Também foram à mansão do jogador, que entregou aparelhos eletrônicos aos agentes.

A PF localizou mensagens no celular de Wander Nunes Pinto Junior, irmão de Bruno Henrique, indicando que o desportista antecipou que receberia um cartão amarelo durante a partida contra o Santos.

No lance, o desportista Soteldo, logo no Santos, está perto da bandeirinha de escanteio e arrisca um drible sobre Bruno Henrique. O jogador rubro-negro tenta pará-lo, e o louvado Rafael Rodrigo Klein marca falta.

Depois do amarelo, Bruno Henrique recebeu cartão vermelho direto por reclamação. O Santos venceu por 2 a 1.

Para a polícia, chamou atenção o trecho em que Bruno Henrique, questionado por Wander se aguentaria permanecer até a data da partida sem receber um cartão, responde que não reclamaria e só receberia cartão caso “entrasse possante em alguém”.

Diante disso, Wander responde informando que pretendia “vigiar moeda”, supostamente para realizar a aposta fraudulenta e ainda afirma que seria um “investimento com sucesso”.

Nos diálogos anexados pela PF no processo, de agosto de 2023, Wander pergunta se o jogador está com dois cartões no campeonato, ao que leste responde “sim”. Wander segue: “Quando o pessoal mandar tomar o 3 liga nós hein kkkk”. Bruno responde: “Contra o Santos”.

Para a PF, as conversas de WhatsApp mantidas entre o desportista e o irmão “apontam que aquele teria, de forma expressa, fornecido informações privilegiadas ao irmão a reverência do recebimento de cartão na partida sob investigação”.

A verosímil manipulação no jogo contra o Santos foi apurada a partir de um relatório da Ibia (International Betting Integrity Association) e da Sportradar, que fazem análises de risco do mercado de apostas. A suspeita foi levada à CBF (Confederação Brasileira de Futebol) e ao Ministério da Rancho.

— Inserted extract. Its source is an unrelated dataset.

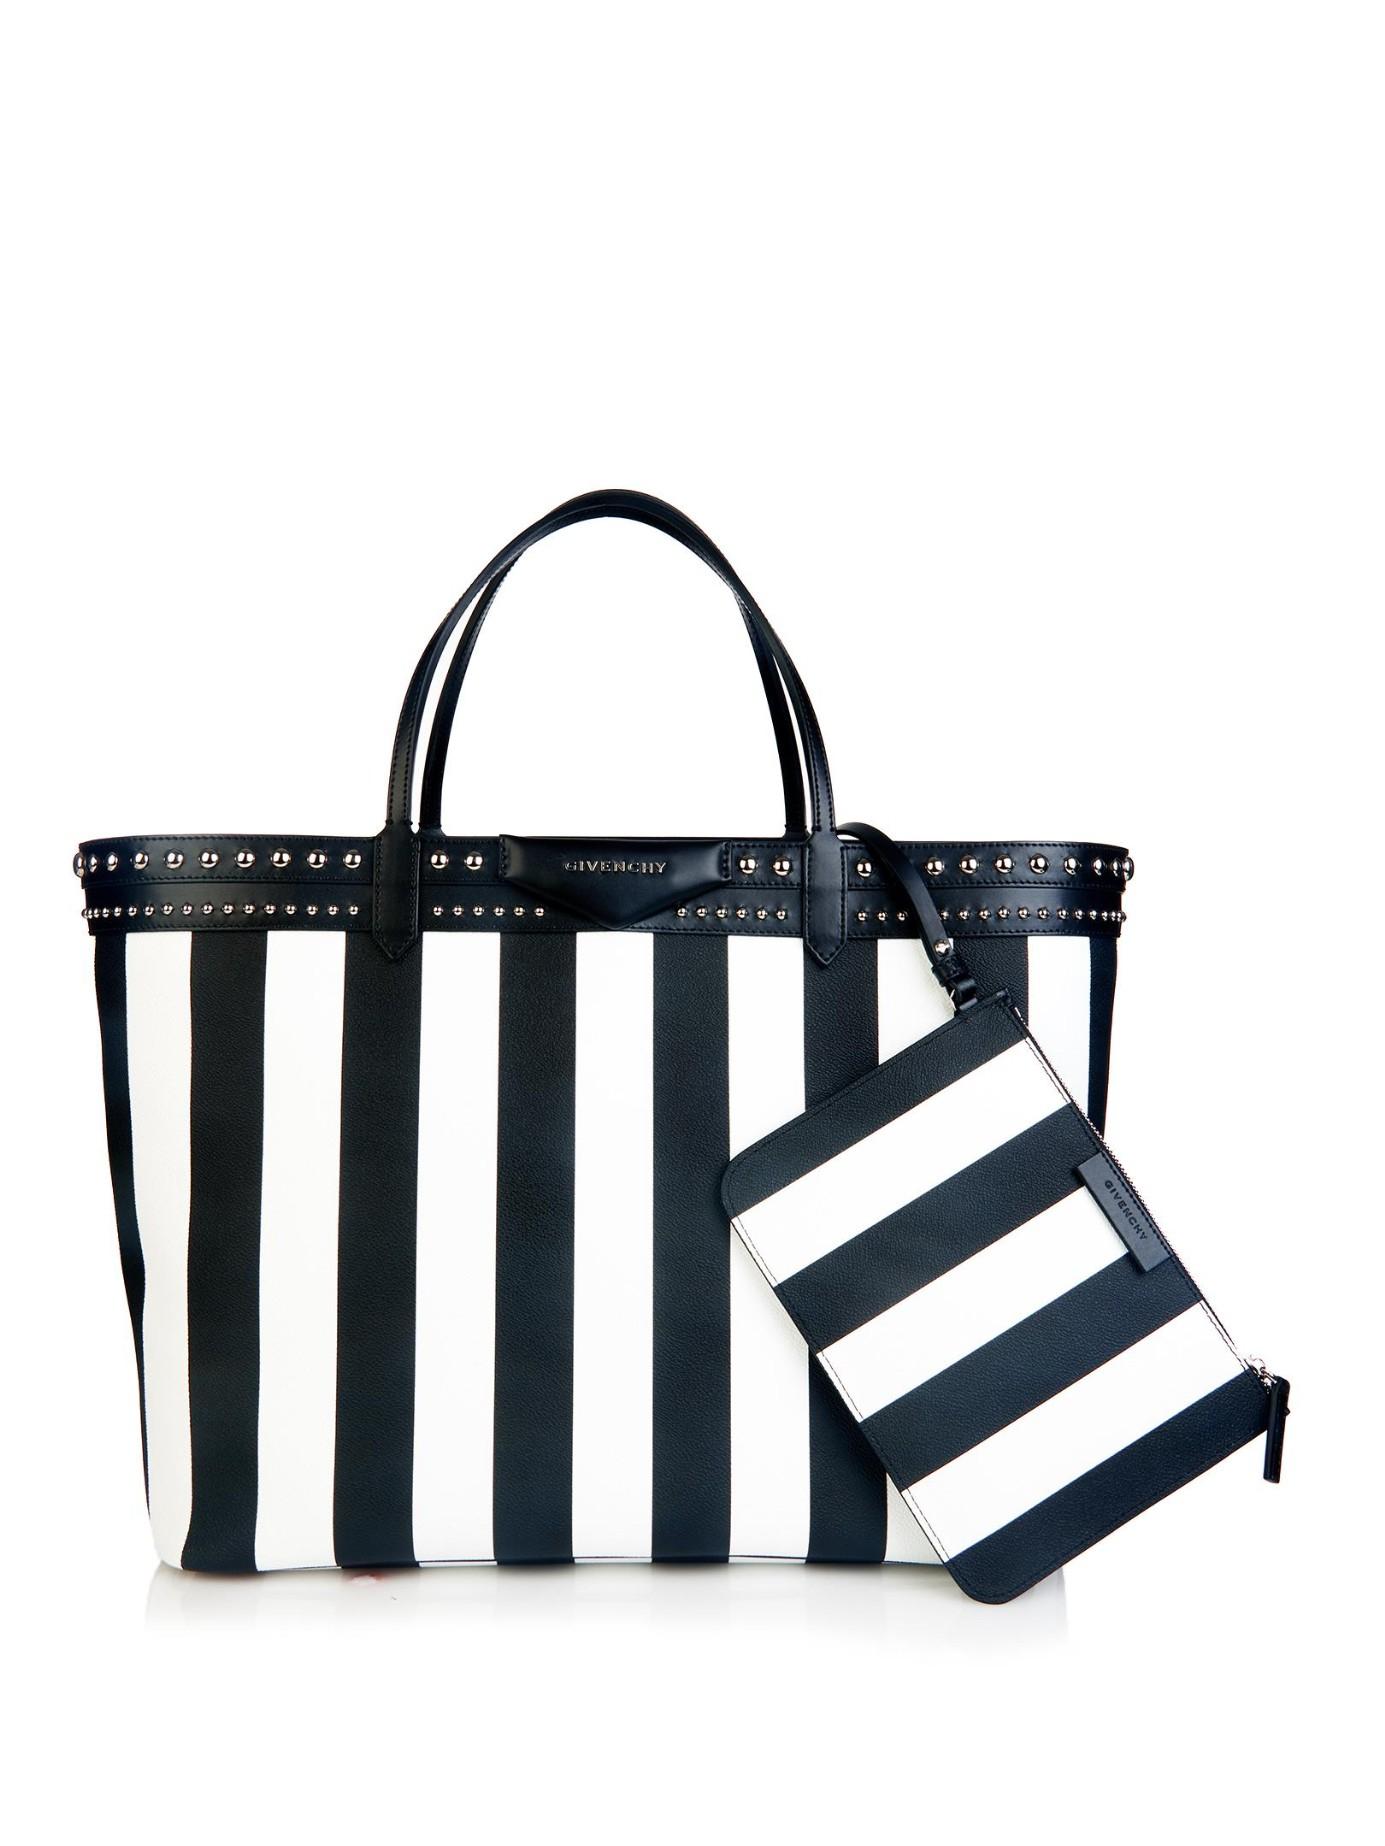 Givenchy Antigona Striped Coated-Canvas Tote in Black

Comunicações similares de três operadoras de apostas concorrentes reforçaram as suspeitas de manipulação de mercado de cartões, ou “spot-fixing”, segundo o sindicância da PF.

Na Justiça generalidade, o atacante e seu irmão se tornaram réus em julho, em seguida a Justiça do Região Federalista ter aceitado denúncia apresentada pelo Ministério Público por fraude esportiva. Caso seja réprobo, o atacante poderá pegar uma pena de até seis anos de reclusão. Ainda não há data para o julgamento.

Ao longo das investigações, Bruno Henrique seguiu atuando normalmente pelo Flamengo, onde está desde janeiro de 2019.

Pelo clube, conquistou duas edições da Despensa Libertadores (2019 e 2022) e do Campeonato Brasílico (2019 e 2020), além de cinco títulos do Campeonato Carioca.